#### What you should do
Show, from the entries below, every line in which "Radio" appears.

#### Extracted records
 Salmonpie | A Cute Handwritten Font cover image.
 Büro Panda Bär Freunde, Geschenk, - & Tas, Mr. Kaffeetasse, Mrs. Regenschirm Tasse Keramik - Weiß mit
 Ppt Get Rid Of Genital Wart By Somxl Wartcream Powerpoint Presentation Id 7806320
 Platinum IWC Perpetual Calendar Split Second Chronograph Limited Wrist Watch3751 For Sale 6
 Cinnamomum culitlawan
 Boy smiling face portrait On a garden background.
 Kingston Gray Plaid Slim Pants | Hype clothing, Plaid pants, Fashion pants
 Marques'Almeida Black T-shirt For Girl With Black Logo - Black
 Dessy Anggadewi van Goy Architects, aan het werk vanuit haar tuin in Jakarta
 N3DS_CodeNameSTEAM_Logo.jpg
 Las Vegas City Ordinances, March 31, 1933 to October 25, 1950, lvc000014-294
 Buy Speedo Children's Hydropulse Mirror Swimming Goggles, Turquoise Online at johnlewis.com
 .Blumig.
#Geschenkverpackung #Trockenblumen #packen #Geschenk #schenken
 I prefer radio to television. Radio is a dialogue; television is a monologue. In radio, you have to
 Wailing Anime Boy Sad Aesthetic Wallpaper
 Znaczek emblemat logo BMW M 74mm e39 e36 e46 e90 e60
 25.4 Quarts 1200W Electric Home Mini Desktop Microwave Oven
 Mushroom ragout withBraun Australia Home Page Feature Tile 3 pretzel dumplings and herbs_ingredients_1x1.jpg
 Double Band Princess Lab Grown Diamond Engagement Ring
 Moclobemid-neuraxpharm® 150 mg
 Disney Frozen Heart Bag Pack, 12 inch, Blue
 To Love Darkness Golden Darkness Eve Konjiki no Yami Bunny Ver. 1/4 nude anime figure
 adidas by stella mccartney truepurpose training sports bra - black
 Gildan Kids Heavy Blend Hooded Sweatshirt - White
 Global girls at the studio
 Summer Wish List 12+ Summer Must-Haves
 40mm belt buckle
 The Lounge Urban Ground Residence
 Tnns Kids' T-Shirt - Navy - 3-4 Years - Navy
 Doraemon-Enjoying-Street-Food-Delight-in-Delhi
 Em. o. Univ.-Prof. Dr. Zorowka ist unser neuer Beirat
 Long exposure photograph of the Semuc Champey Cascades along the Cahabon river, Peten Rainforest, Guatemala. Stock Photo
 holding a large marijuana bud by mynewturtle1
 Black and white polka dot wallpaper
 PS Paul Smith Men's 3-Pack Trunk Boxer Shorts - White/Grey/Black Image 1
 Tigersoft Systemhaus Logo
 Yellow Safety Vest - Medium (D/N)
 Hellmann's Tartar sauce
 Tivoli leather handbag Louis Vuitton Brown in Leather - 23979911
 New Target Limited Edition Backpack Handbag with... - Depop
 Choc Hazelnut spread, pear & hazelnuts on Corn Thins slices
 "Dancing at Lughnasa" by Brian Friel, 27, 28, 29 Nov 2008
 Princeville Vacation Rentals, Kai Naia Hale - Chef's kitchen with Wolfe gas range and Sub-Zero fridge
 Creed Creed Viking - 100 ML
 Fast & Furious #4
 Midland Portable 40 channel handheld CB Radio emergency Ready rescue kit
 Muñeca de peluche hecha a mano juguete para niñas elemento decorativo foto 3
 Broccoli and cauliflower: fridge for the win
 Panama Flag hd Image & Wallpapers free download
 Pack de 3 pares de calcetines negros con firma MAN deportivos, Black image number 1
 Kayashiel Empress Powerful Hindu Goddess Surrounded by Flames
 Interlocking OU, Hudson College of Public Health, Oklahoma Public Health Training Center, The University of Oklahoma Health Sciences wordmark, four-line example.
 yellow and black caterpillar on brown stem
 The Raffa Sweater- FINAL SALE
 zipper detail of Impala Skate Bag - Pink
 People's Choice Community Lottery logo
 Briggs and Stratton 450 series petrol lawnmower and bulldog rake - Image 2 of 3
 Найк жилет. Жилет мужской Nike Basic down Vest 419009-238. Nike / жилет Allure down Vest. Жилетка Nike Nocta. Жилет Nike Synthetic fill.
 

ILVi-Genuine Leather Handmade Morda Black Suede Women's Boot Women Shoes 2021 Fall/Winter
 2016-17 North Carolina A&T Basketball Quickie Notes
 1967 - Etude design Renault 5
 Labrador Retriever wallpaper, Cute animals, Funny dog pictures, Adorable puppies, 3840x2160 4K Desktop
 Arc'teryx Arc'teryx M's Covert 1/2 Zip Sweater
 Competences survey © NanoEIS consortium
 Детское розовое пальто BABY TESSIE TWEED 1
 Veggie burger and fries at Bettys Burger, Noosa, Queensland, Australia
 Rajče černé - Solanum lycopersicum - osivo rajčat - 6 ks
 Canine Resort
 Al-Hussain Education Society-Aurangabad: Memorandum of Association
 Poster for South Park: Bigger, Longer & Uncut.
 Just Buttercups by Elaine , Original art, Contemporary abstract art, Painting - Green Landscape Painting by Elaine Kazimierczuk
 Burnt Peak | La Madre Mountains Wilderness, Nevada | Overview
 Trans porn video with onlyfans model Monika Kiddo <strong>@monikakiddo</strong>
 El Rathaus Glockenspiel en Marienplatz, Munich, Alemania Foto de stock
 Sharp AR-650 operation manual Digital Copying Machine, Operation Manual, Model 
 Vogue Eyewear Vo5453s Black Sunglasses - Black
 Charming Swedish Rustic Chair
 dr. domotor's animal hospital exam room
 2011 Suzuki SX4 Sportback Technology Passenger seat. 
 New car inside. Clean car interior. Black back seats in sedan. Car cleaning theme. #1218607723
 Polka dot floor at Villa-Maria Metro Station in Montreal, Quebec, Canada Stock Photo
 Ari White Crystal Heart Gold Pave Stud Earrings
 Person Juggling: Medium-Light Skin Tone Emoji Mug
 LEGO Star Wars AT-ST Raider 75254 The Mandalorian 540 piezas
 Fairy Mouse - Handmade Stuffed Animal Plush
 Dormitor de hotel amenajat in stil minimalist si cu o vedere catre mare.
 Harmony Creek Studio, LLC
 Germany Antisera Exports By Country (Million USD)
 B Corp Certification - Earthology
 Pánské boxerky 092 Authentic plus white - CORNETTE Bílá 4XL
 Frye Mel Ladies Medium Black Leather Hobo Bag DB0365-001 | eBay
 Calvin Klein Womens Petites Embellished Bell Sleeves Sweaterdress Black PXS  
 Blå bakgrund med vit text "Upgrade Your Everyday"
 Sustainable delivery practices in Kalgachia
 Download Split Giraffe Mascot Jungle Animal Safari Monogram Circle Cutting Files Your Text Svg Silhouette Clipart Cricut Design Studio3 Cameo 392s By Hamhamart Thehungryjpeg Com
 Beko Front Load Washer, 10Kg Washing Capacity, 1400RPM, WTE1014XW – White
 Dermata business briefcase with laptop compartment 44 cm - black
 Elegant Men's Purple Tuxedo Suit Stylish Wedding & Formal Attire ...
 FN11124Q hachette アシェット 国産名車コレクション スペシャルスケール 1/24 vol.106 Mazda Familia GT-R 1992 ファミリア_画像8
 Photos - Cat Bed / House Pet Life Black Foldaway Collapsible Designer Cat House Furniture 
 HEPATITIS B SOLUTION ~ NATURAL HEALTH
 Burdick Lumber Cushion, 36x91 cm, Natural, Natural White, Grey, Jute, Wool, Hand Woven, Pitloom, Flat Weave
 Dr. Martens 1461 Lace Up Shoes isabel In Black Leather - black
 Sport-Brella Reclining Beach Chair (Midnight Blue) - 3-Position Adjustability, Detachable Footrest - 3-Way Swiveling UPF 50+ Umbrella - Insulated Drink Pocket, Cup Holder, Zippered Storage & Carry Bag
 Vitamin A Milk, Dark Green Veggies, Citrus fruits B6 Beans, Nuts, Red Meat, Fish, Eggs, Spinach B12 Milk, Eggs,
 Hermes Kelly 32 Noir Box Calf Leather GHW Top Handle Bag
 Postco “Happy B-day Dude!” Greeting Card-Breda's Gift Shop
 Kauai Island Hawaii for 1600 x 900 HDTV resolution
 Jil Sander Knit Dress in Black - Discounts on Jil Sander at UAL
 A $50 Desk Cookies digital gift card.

#### Answer for this exercise
 I prefer radio to television. Radio is a dialogue; television is a monologue. In radio, you have to
 Midland Portable 40 channel handheld CB Radio emergency Ready rescue kit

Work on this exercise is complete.